## PROBLEM DETAILS
Using the material below, return exactly the lines between the one holding "Theros Beyond Death" and the one holding "This is how", inclusive, and no others.

## DATA FOR REVIEW
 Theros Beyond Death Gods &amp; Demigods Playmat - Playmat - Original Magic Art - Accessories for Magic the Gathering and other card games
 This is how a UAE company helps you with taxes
* * *
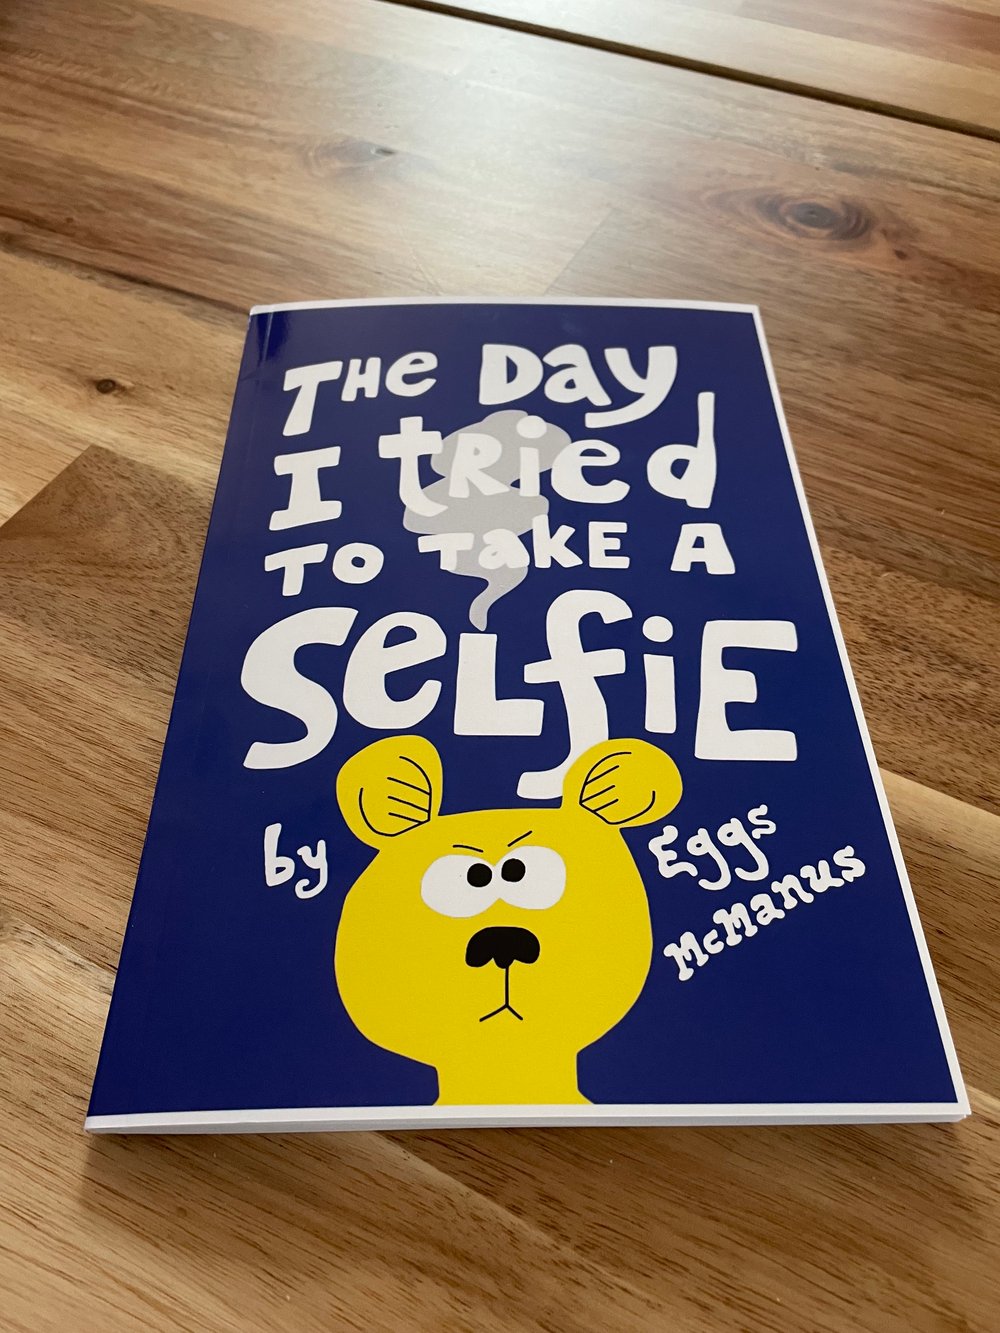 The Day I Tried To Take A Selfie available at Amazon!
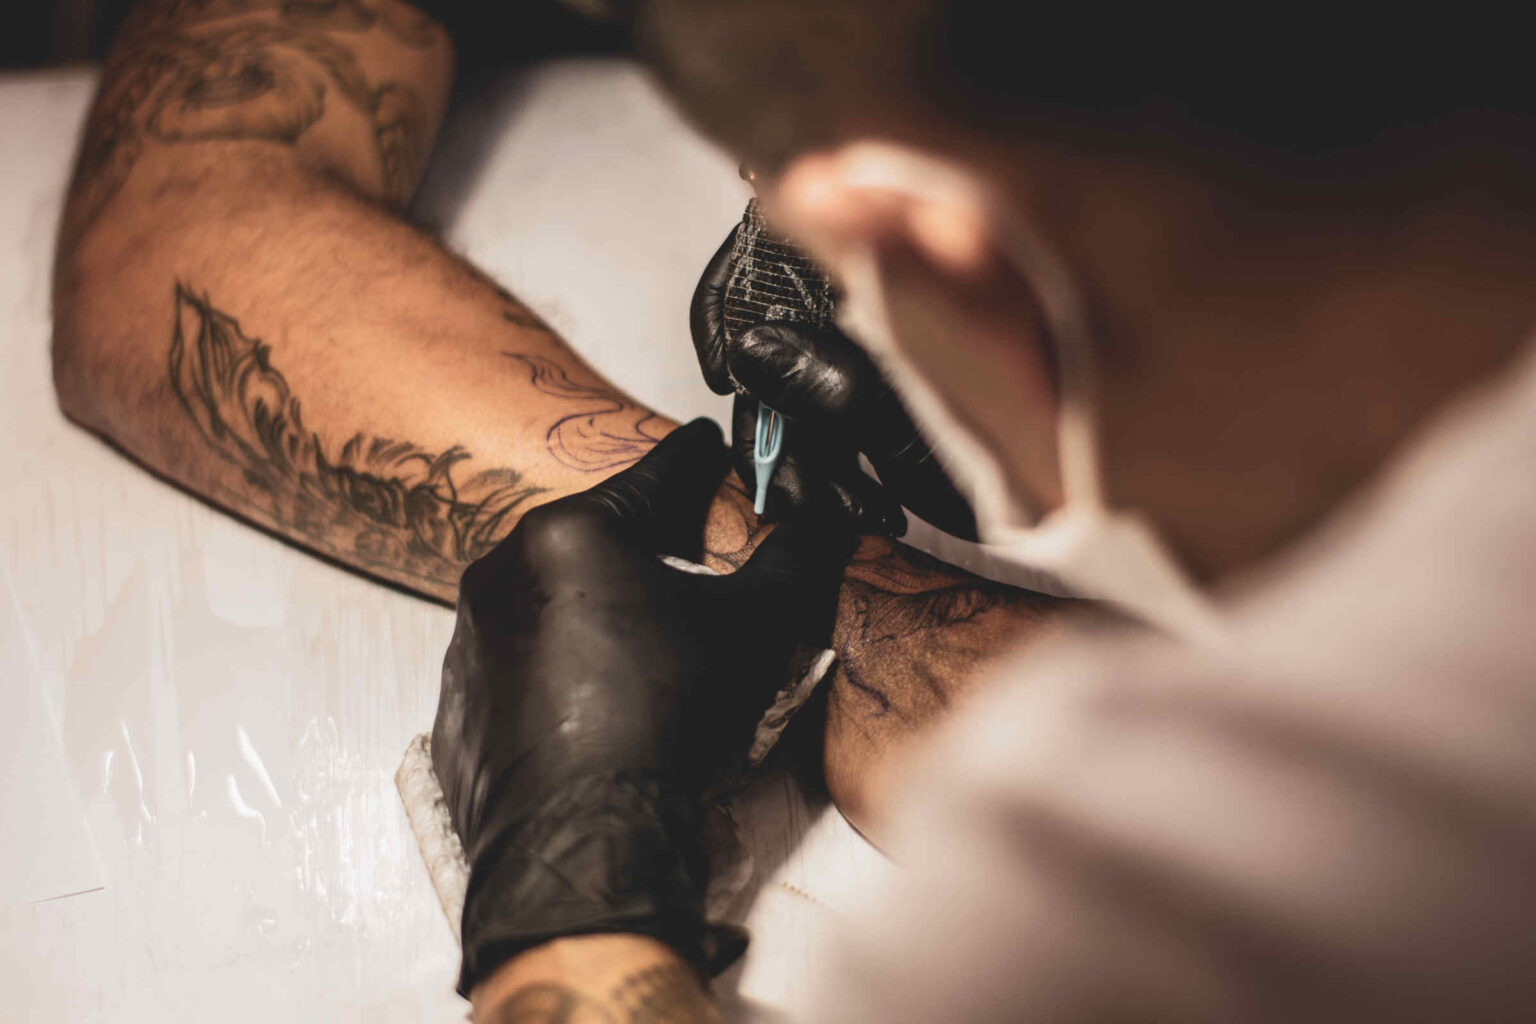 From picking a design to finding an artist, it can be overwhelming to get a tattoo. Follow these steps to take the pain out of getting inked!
* * *
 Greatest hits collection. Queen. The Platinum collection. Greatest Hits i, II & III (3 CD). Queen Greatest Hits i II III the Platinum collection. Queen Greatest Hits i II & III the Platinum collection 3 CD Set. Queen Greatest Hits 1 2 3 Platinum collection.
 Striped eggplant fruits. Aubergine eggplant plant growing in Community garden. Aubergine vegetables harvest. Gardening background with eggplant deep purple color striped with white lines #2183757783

## SOLUTION TO THE EXERCISE
 Theros Beyond Death Gods &amp; Demigods Playmat - Playmat - Original Magic Art - Accessories for Magic the Gathering and other card games
 This is how a UAE company helps you with taxes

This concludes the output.